Re: an on-line Japanese Text Character Frequency Analyzer tool
[I've cross-posted this to sci.lang.japan, as the original posting went
there too, and has received some discussion.]
James Eckman <fugu@prodigy.net> dixit:
>alextret@yahoo.com wrote:
>> We created an on-line Japanese Text Character Frequency Analyzer tool.
>> It uses a web service provided by Google.
>>
>> Take a look and let us know if it is useful in your particular
>> situation (we can read feedback in English, Japanese and Chineese).

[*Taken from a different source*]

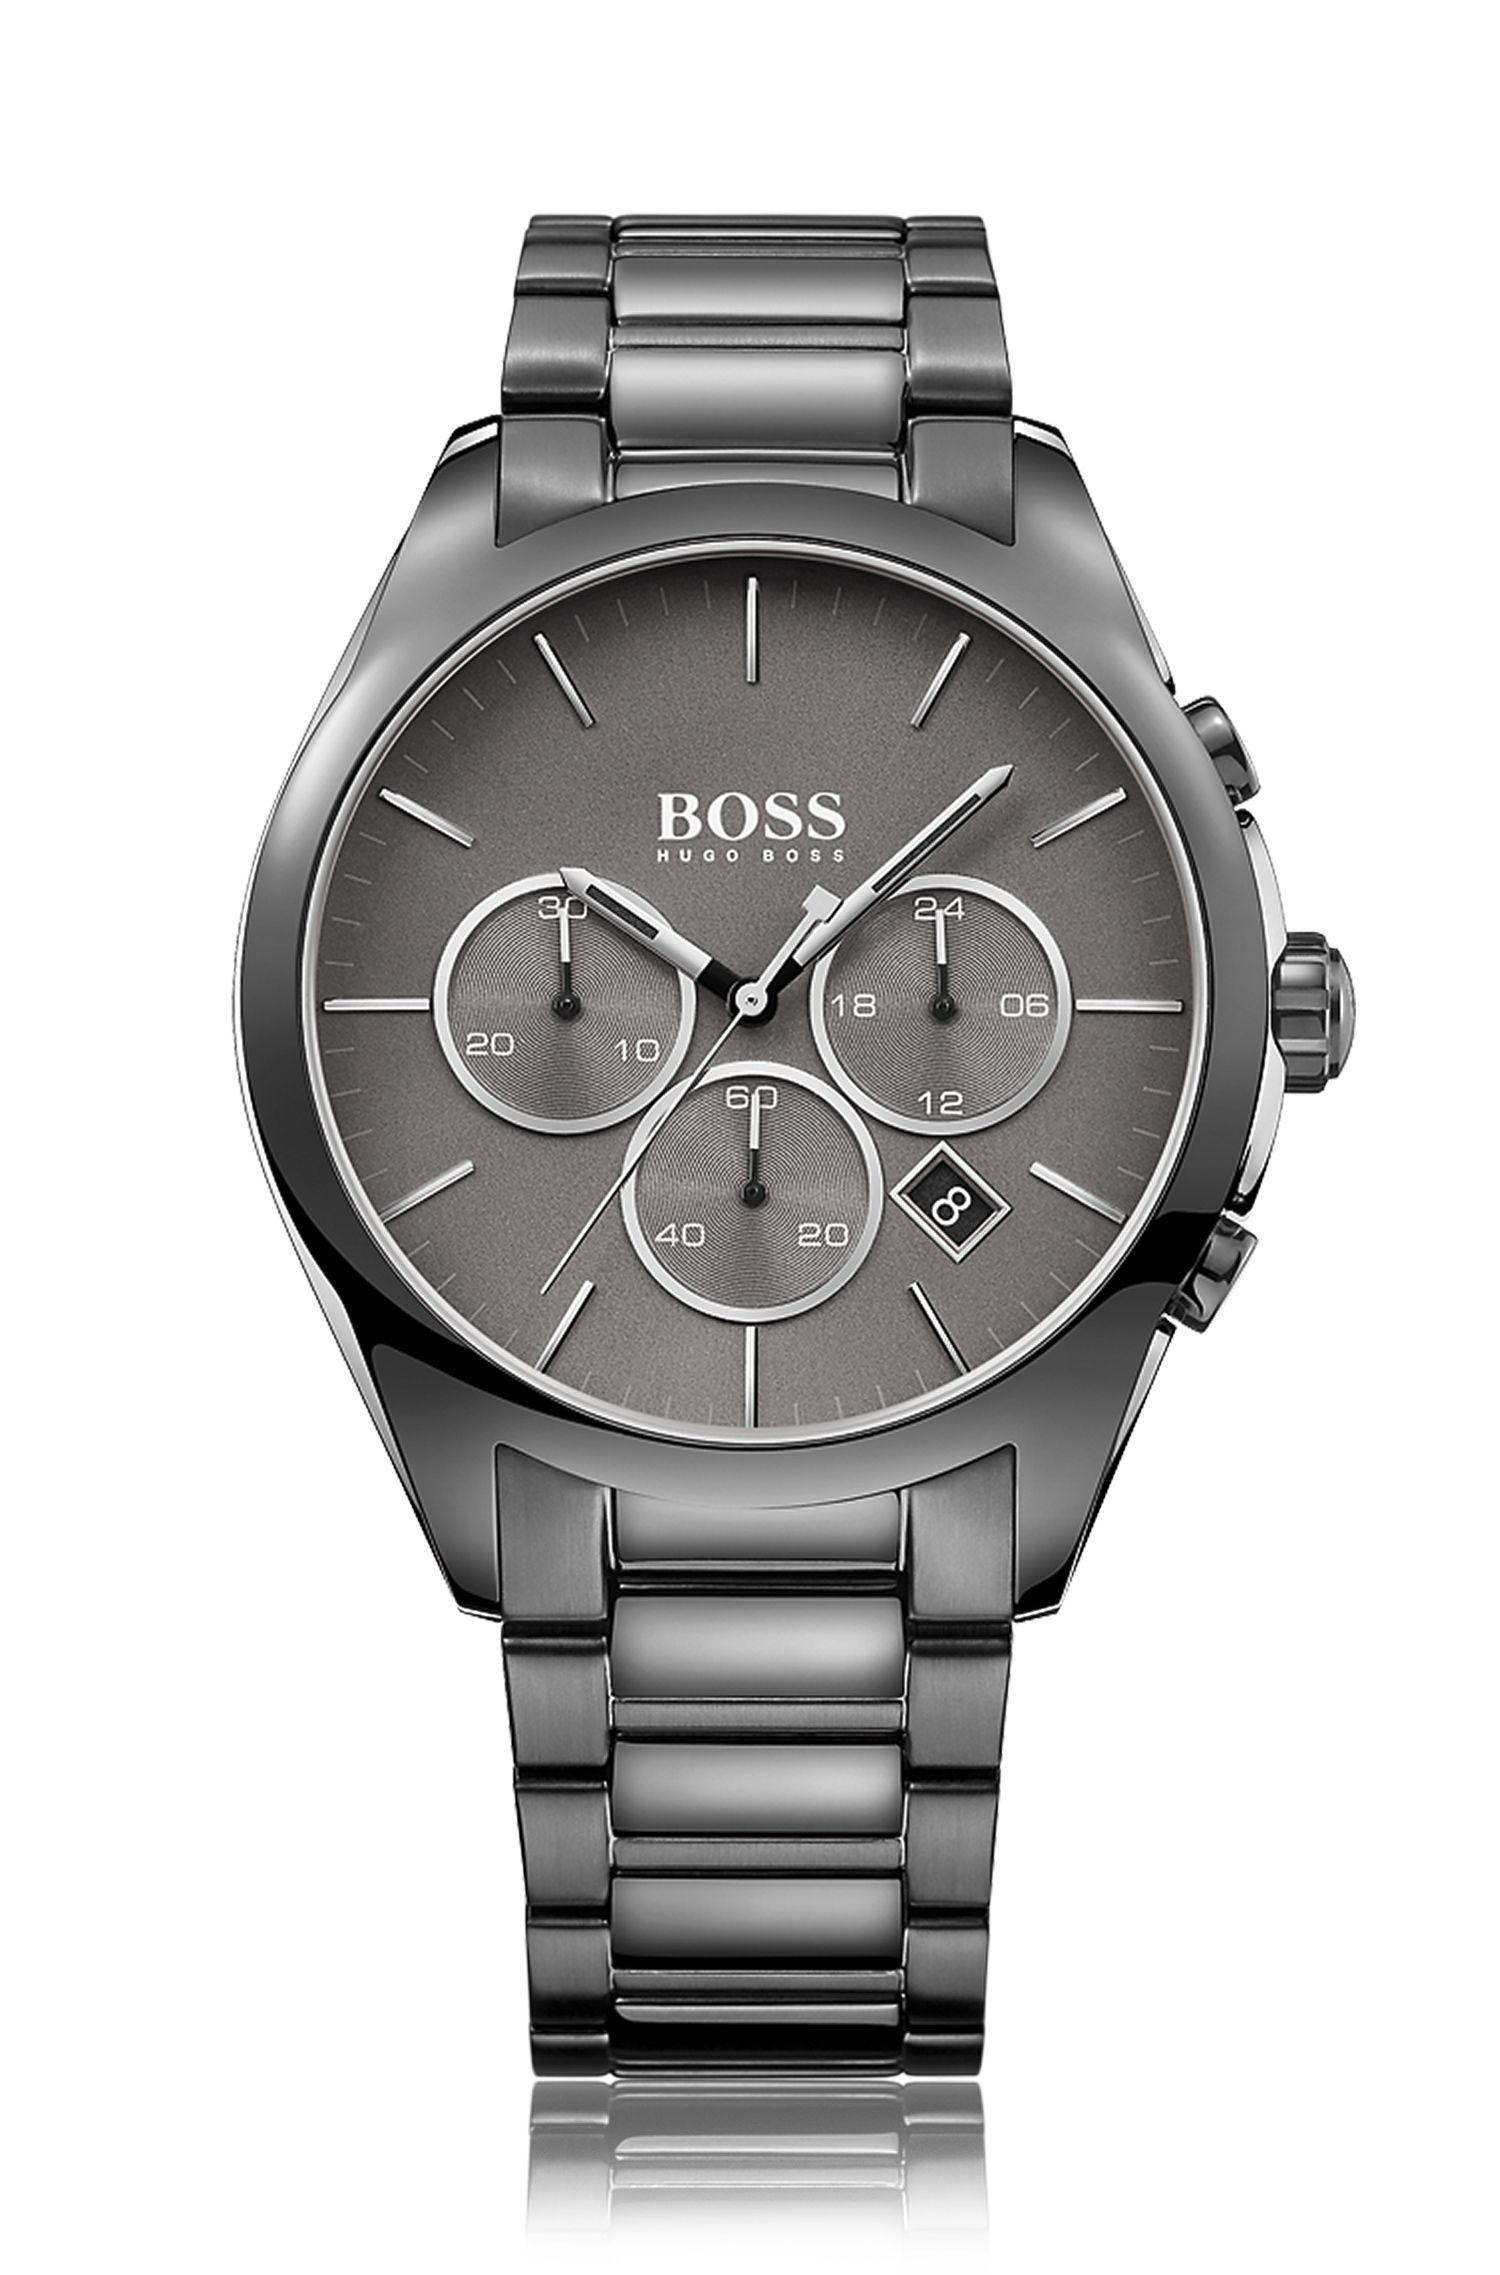 Montre chronographe en acier inoxydable plaqué gris, à cadran gris
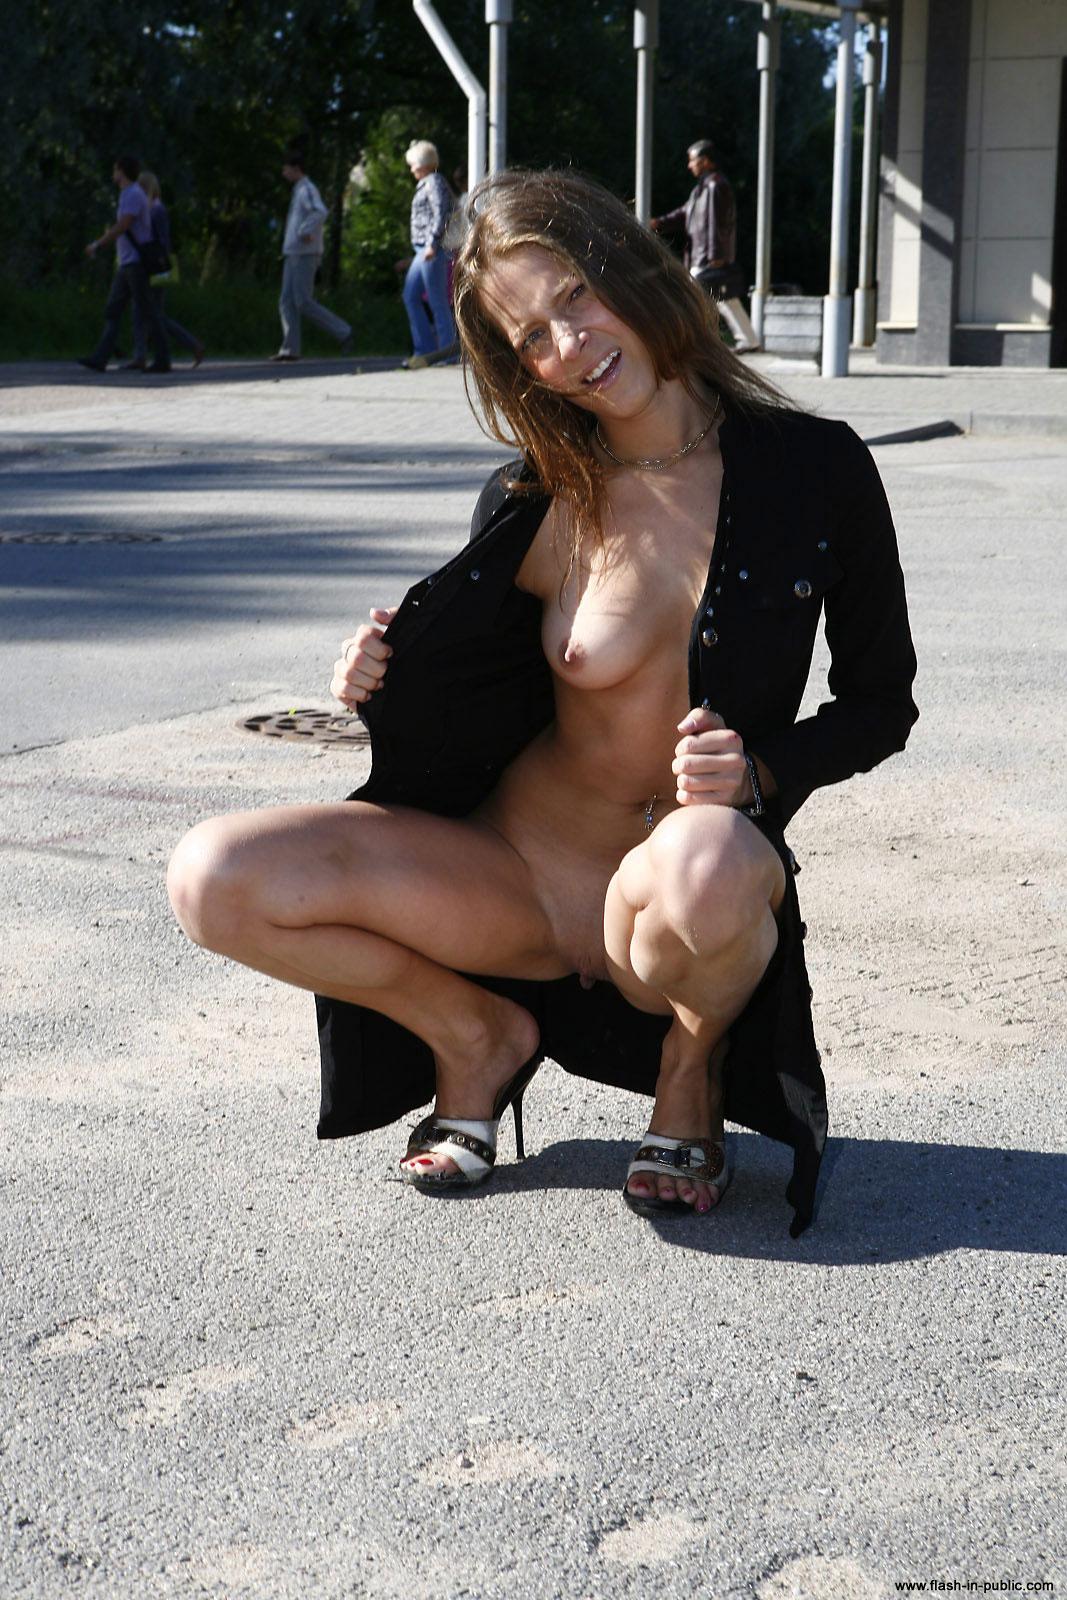 yanina-m-nude-walk-around-the-town-flash-in-public-12

>While not directly useful to me, it is interesting. Do you have any
>charts showing the most frequent kanji on the web? It would be
>interesting to see how much the official education order varies from the
>web use order.
As you possibly know, there is a frequency-of-use ranking in the
KANJIDIC file. This is (now) based on a word ranking derived from
a newspaper article corpus. A comparison based on WWW pages would
be very interesting.
It would be a few minutes work to knock up a Google API script that
pulled out the page counts for each of the JIS X 0208 kanji, and at
1000 per day I could have the counts and ranking in a week. I haven't
done this for a couple of reasons:
(a) the counts returned by the Google API are not the same as those
returned by popping a kanji into http://www.google.com.au/advanced_search
and setting "Return pages written in" to Japanese. Worse, the relative
counts vary for different kanji.
(b) a simple page count may be misleading. It is possible to postulate
that kanji X occurs in a lot of pages, but only once per page, whereas
kanji A occurs in fewer pages, but many times in each. You could
make the simplistic assumption that page-count = frequency-of-use, but to
do it properly you would really have to pull in a good selection of pages
(randomly-selected; not just high-ranking) and examine them in their
entirety to work out if the per-page dispersion of A and X differs.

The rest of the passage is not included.